Dataset records
════

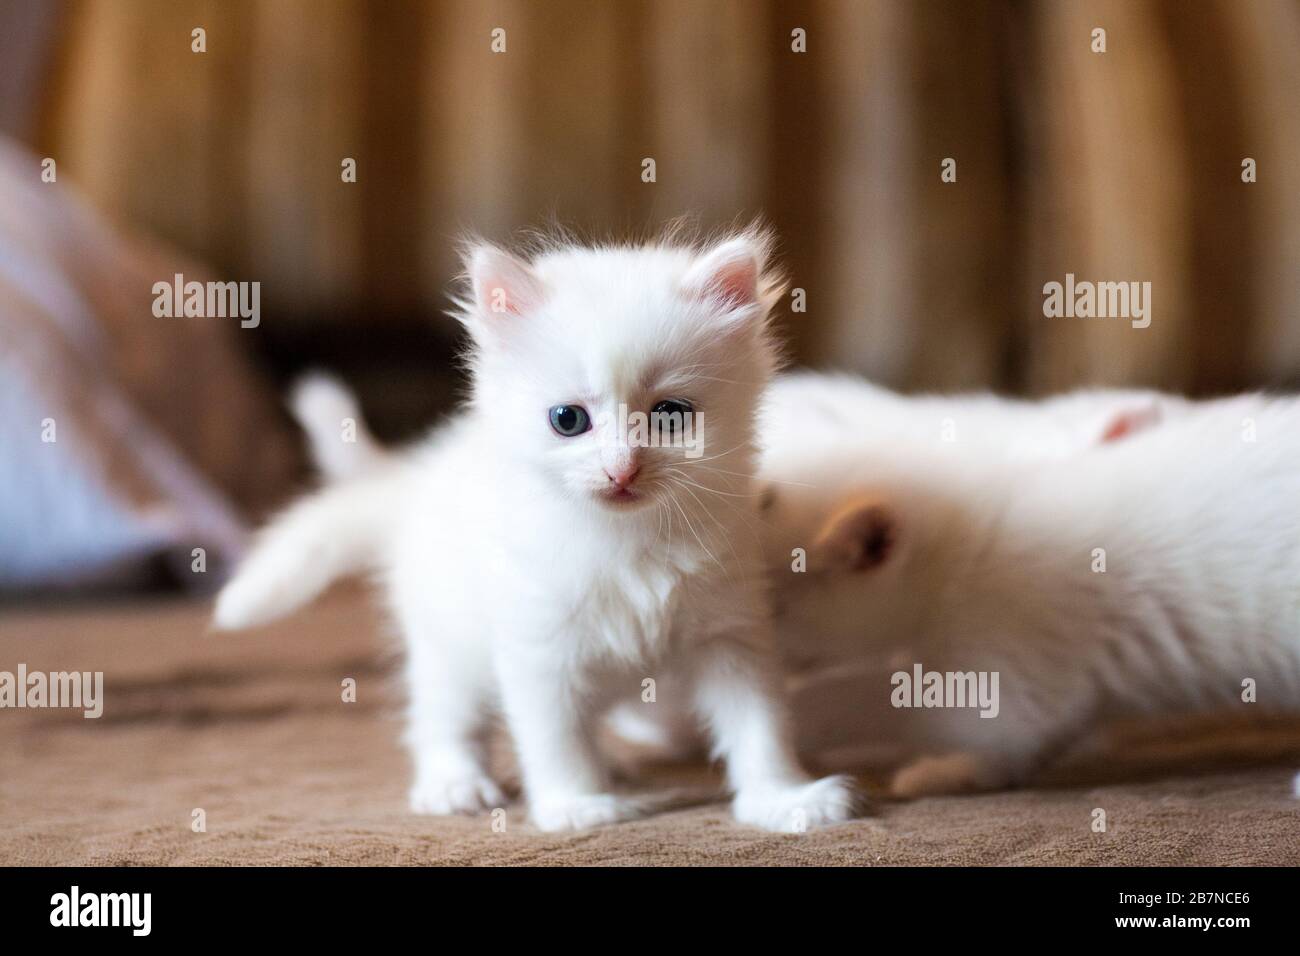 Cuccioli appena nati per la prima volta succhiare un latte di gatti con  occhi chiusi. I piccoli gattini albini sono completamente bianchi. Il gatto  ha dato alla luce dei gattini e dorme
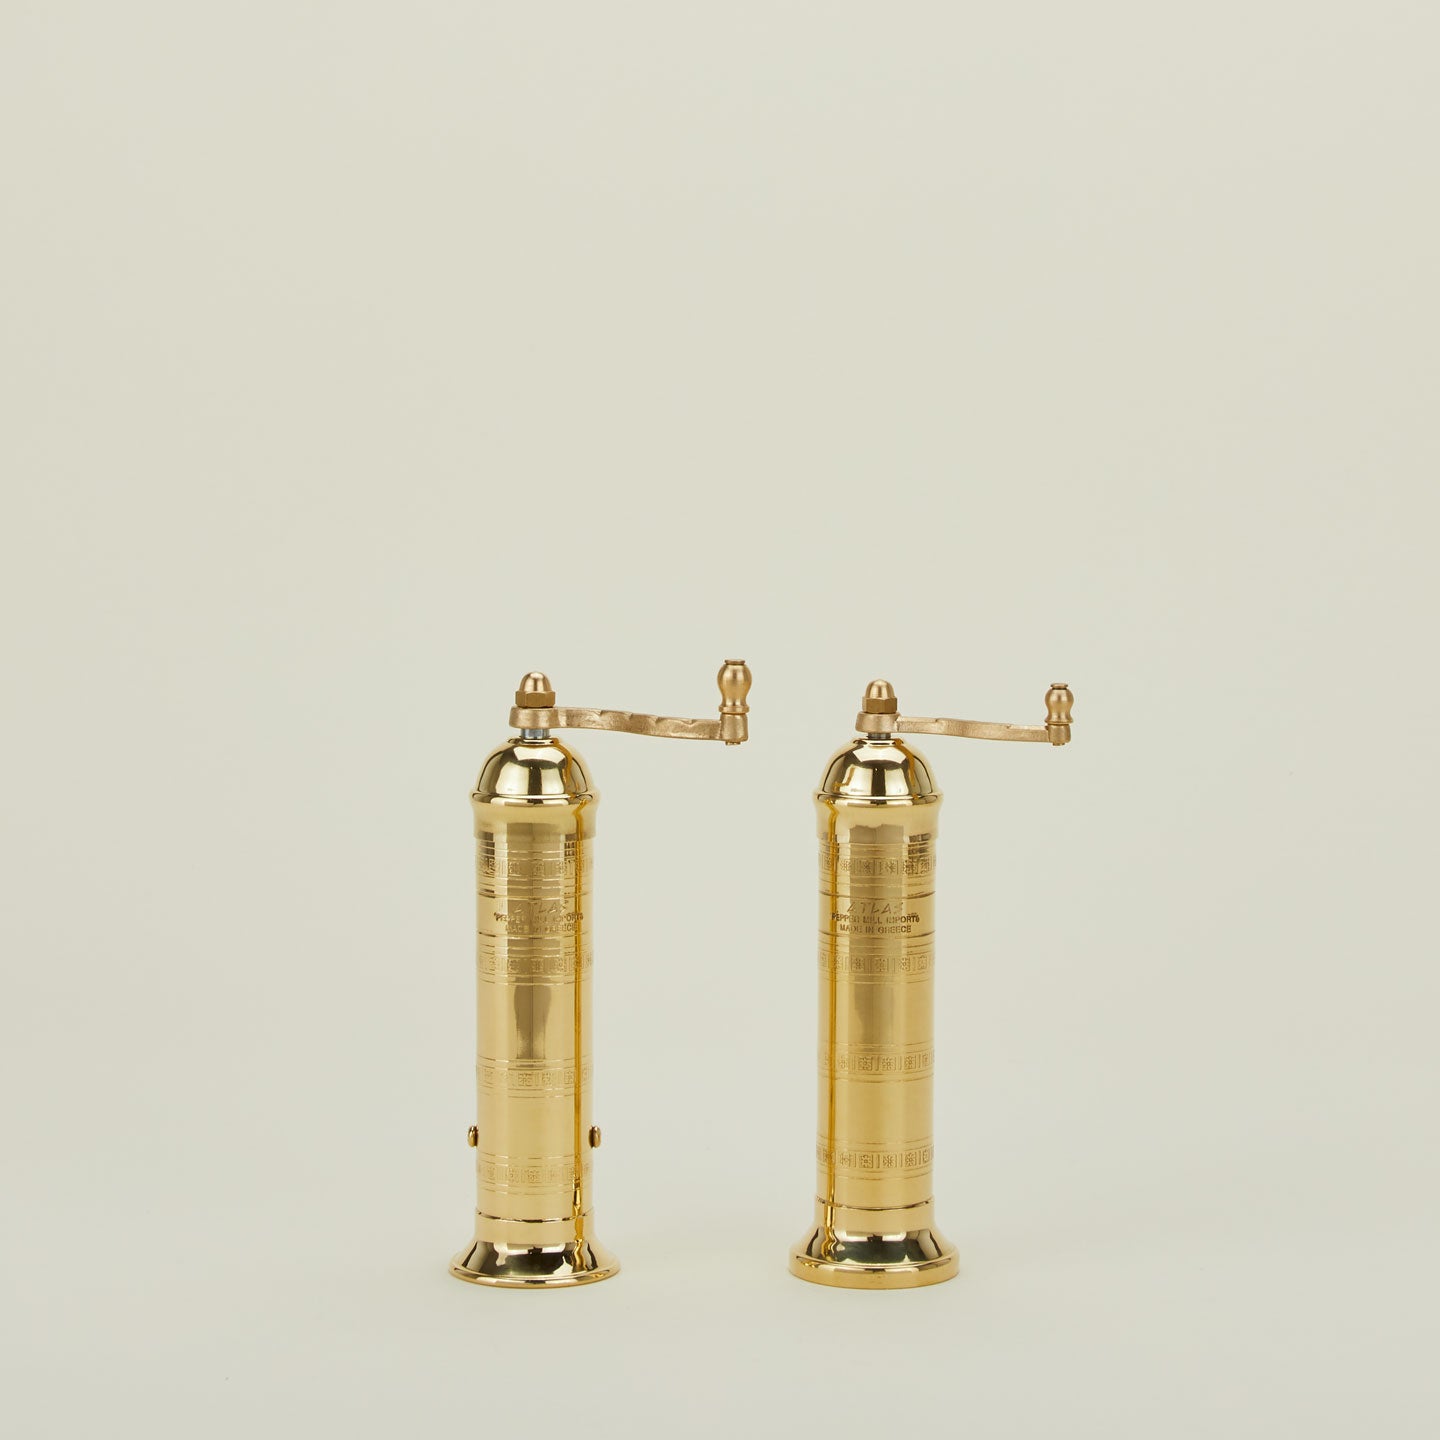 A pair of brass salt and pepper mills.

════

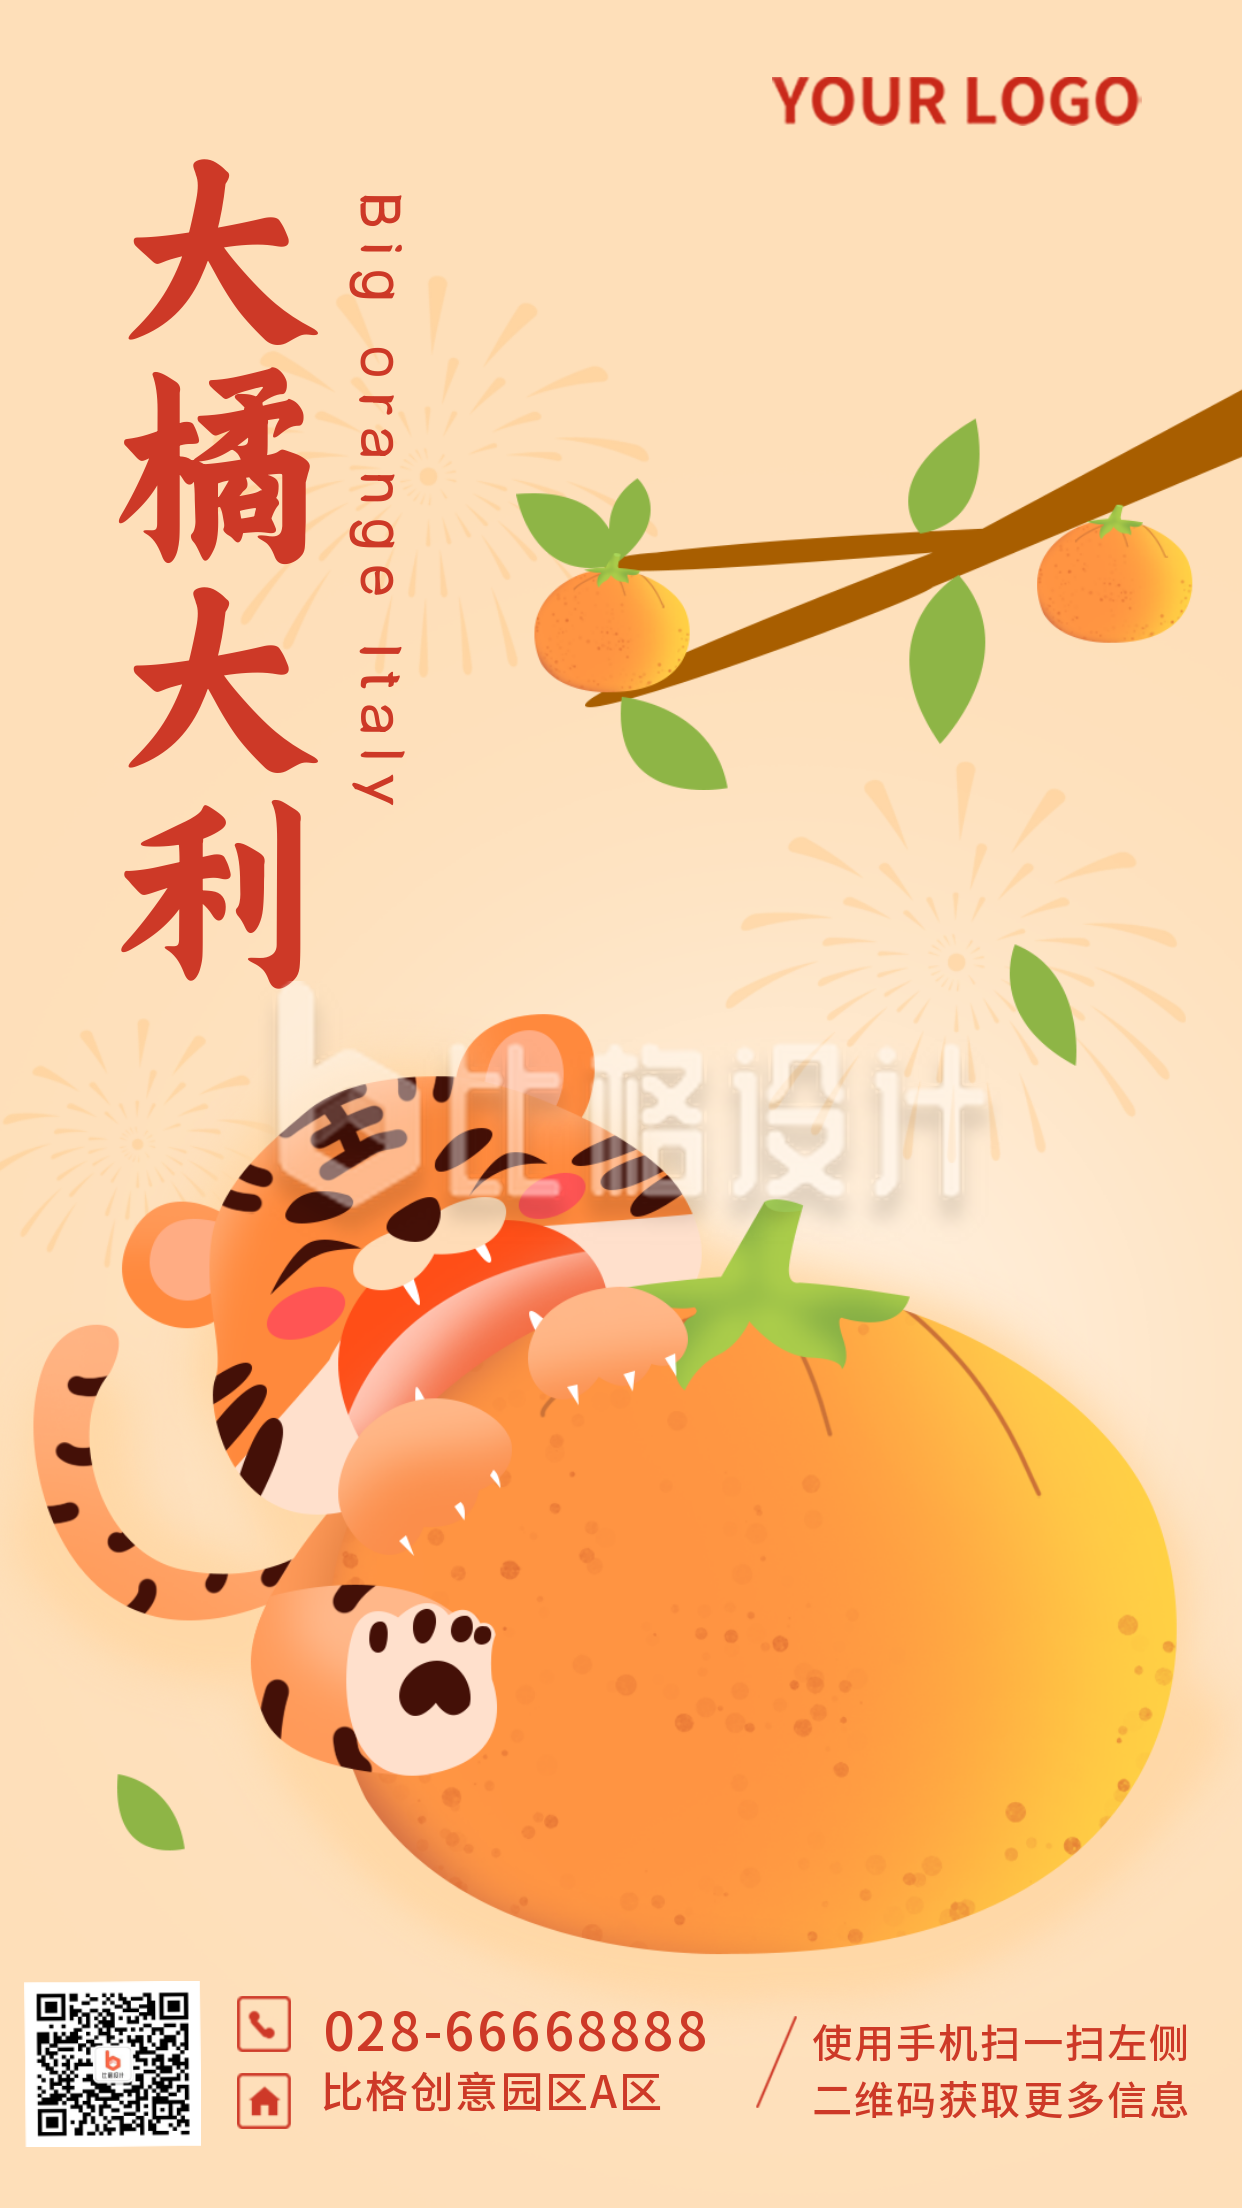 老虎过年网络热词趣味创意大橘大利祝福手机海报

════

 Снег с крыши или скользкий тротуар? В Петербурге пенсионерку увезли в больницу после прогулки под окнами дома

════

Problem to work on
Copy only what runs above from the line containing "Cuccioli appena nati" through the line containing "A pair of brass salt and pepper mills.", exactly. Leave out the pictures.

Task answer
 Cuccioli appena nati per la prima volta succhiare un latte di gatti con  occhi chiusi. I piccoli gattini albini sono completamente bianchi. Il gatto  ha dato alla luce dei gattini e dorme
 A pair of brass salt and pepper mills.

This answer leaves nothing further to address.